- [YOUR ASSIGNMENT] Omit all pictures. Copy exactly the lines from the line containing "Feuerwehrstandort an der Laubacher Straße." to the end of the listing, with both ends included.

- [SUPPLIED DATA]
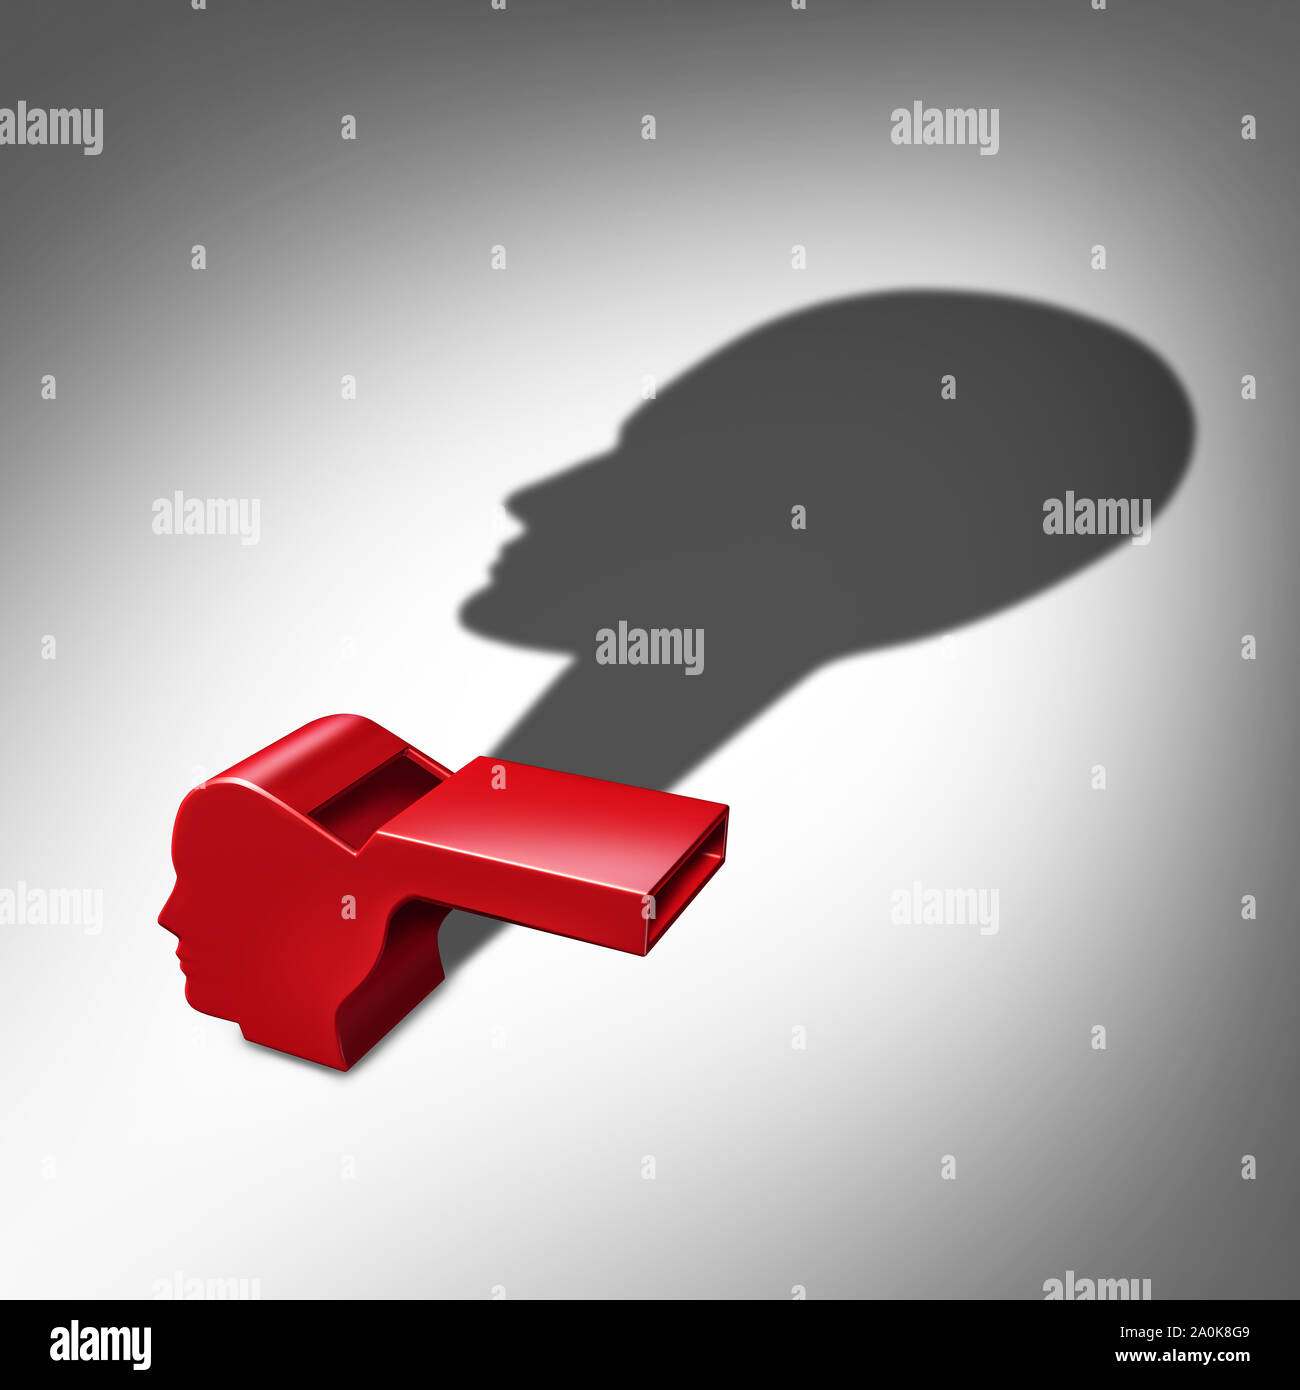 Whistleblower o informante exponer información concepto como símbolo de un informante secreto agente o empleado con un elenco sombra como una metáfora. Foto de stock
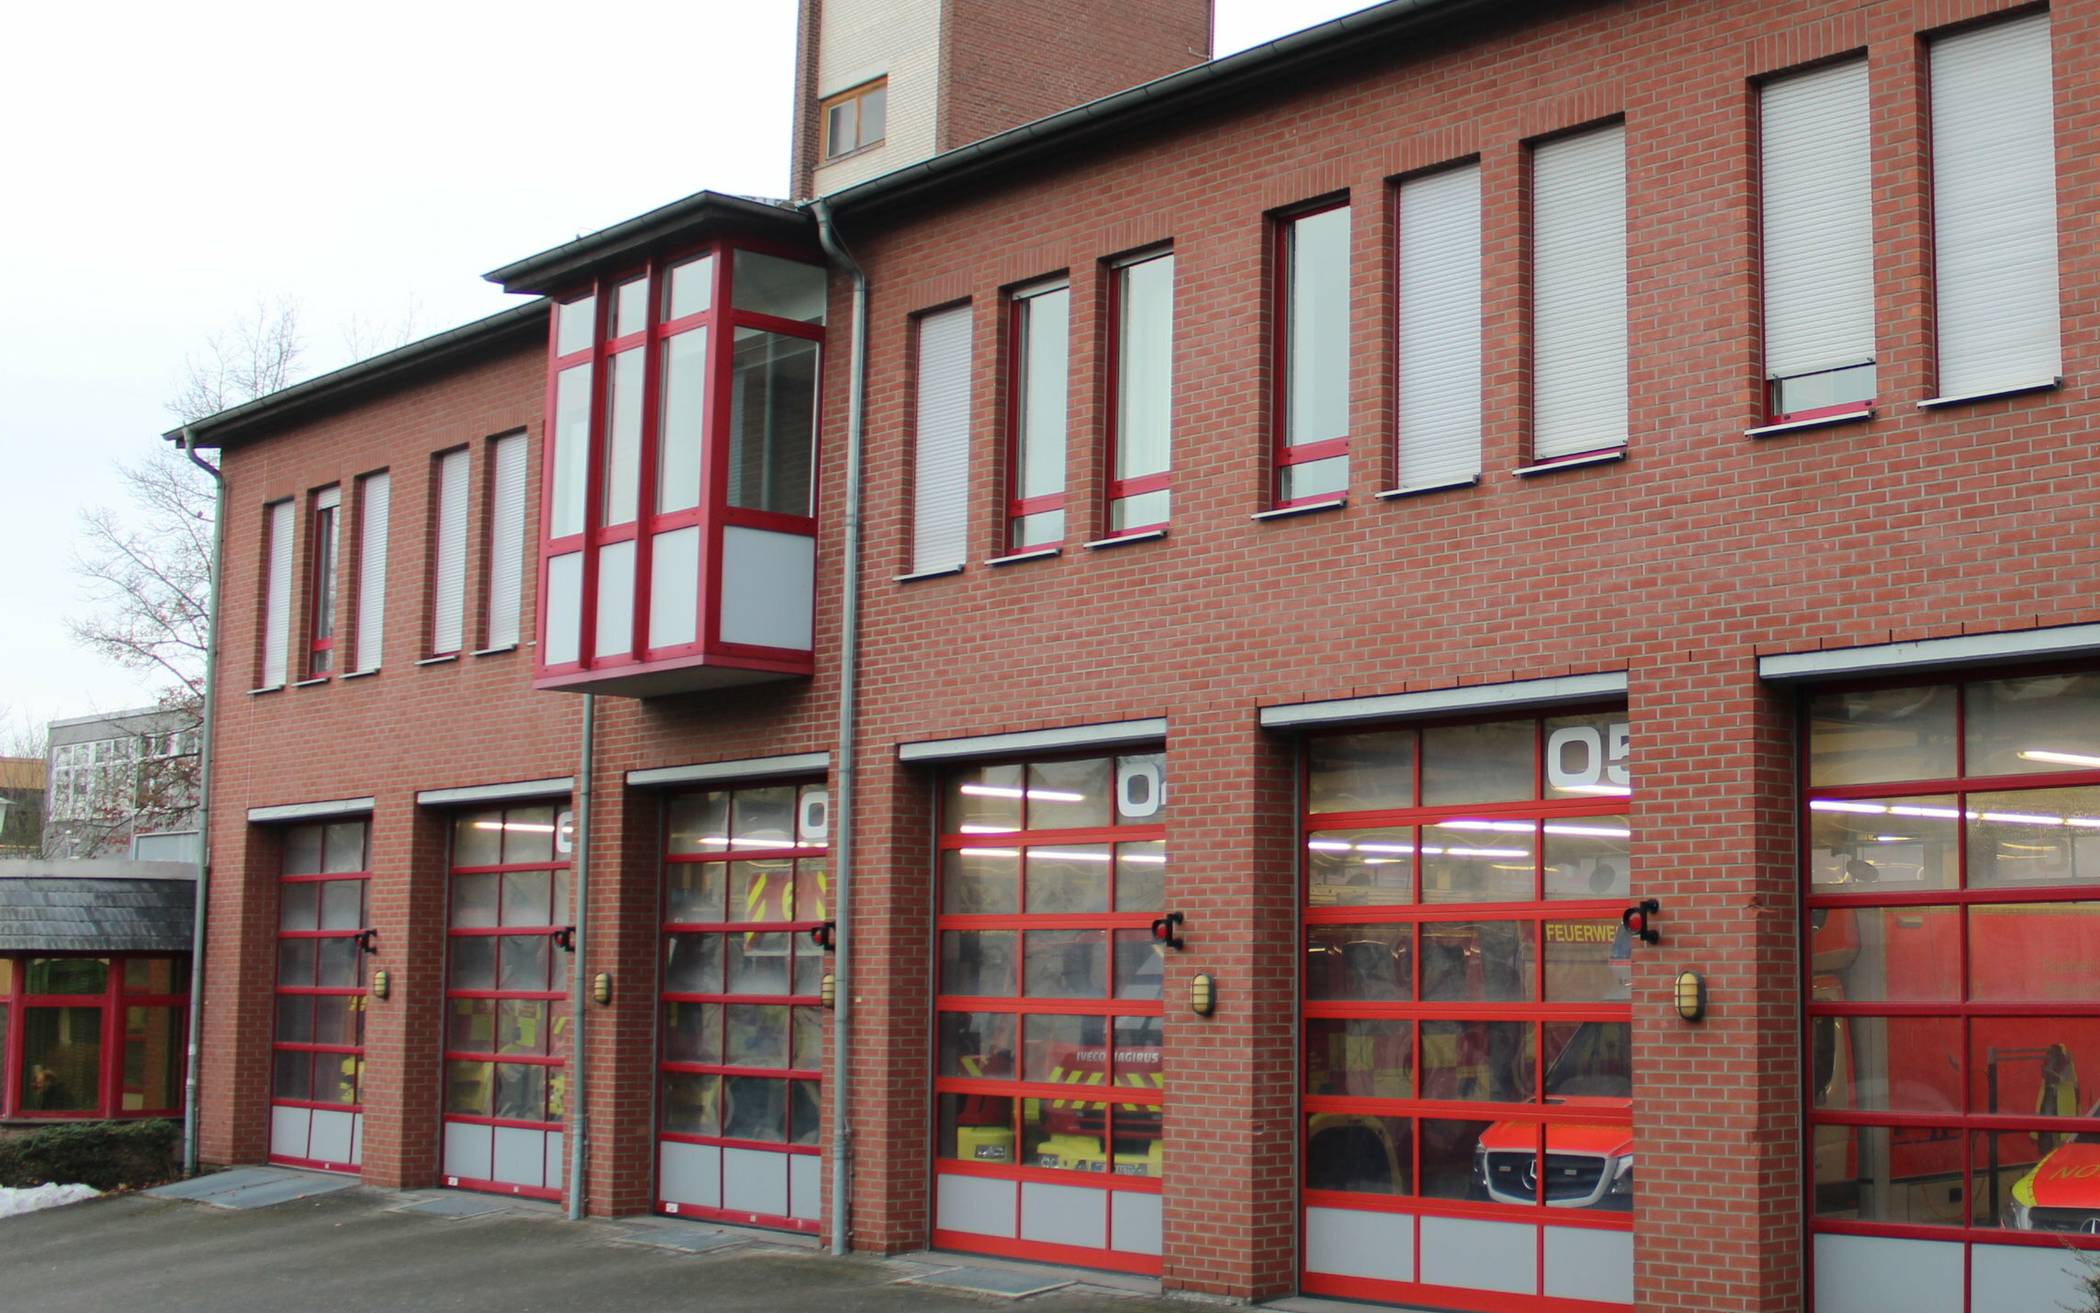  Feuerwehrstandort an der Laubacher Straße. 
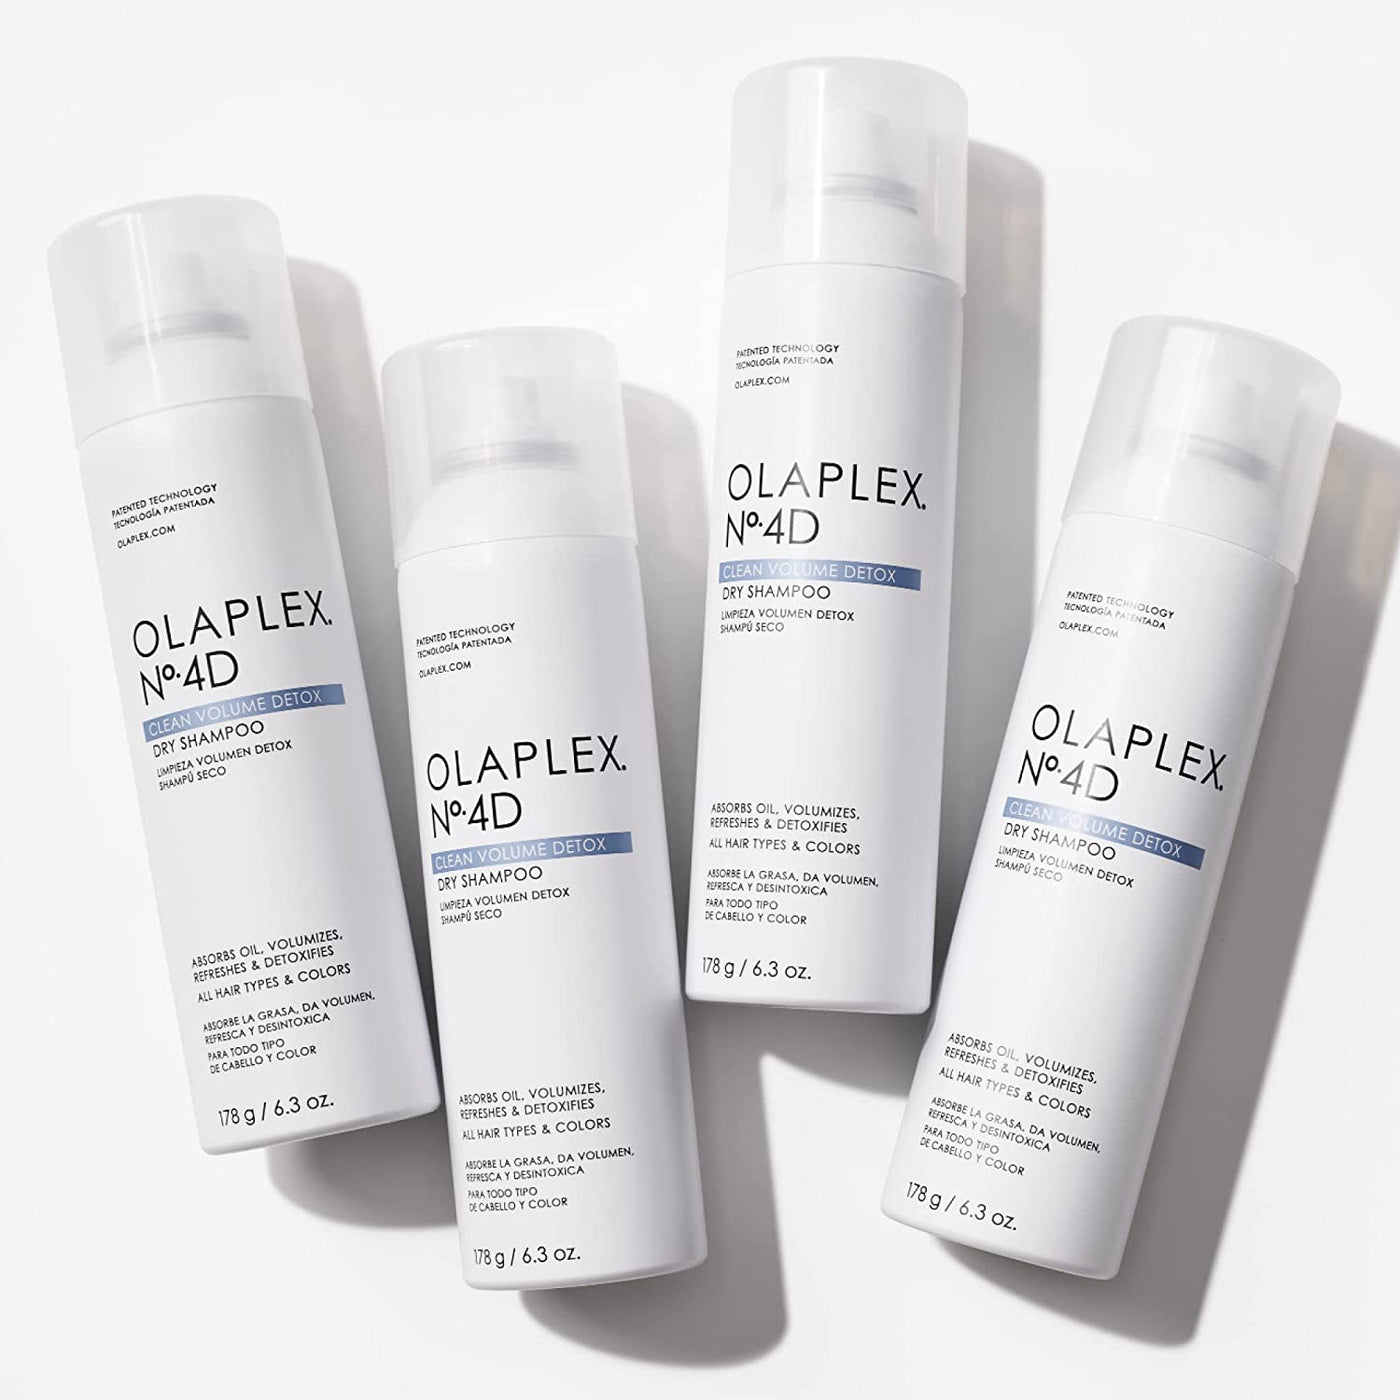 Olaplex No. 4D Clean Volume Detox Dry Shampoo - A Cosmetologist Exclusive!
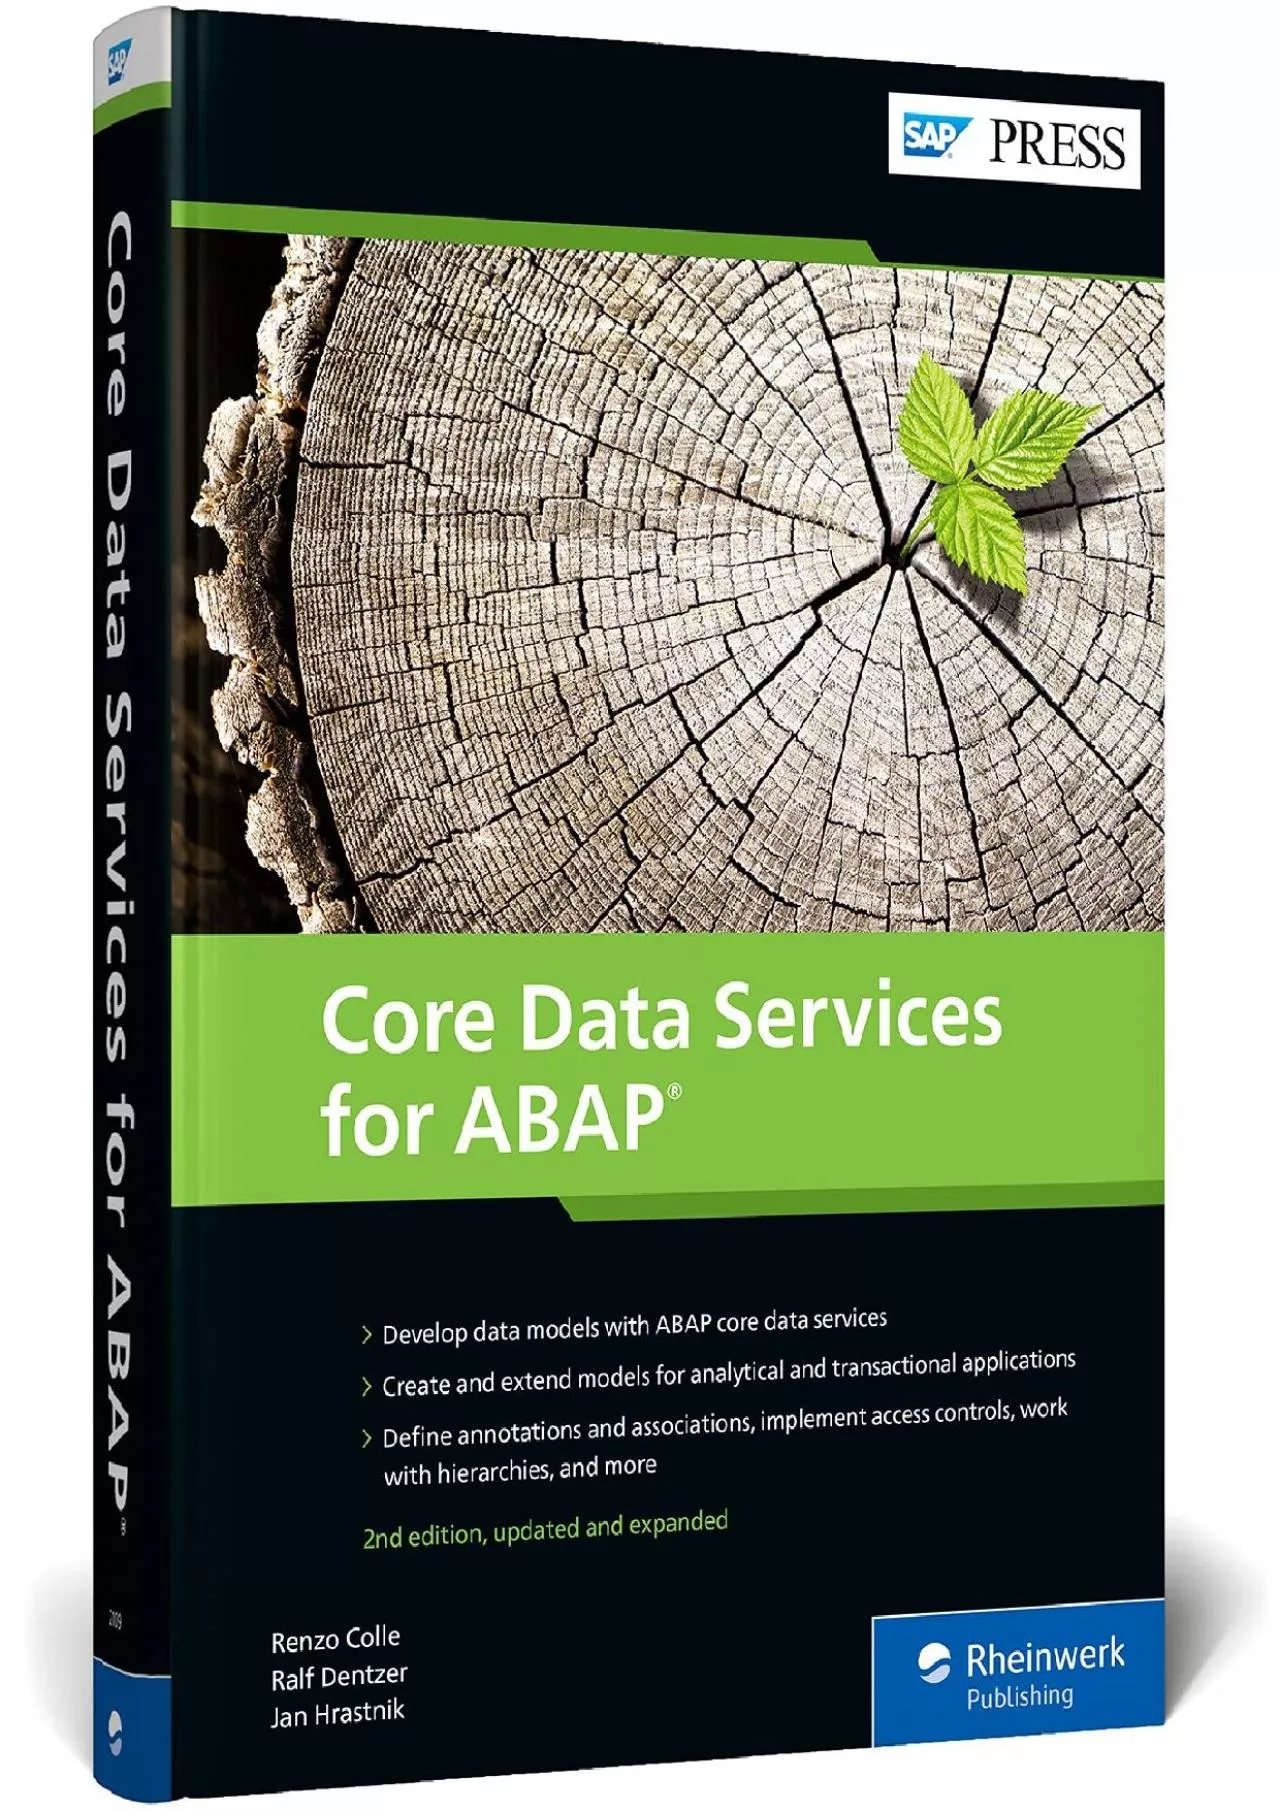 ABAP CDS: Core Data Services for ABAP (SAP PRESS) (Second Edition)

- [COMPLETED EXERCISE]
  Feuerwehrstandort an der Laubacher Straße. 
 Olaplex No. 4D Clean Volume Detox Dry Shampoo - A Cosmetologist Exclusive!
 ABAP CDS: Core Data Services for ABAP (SAP PRESS) (Second Edition)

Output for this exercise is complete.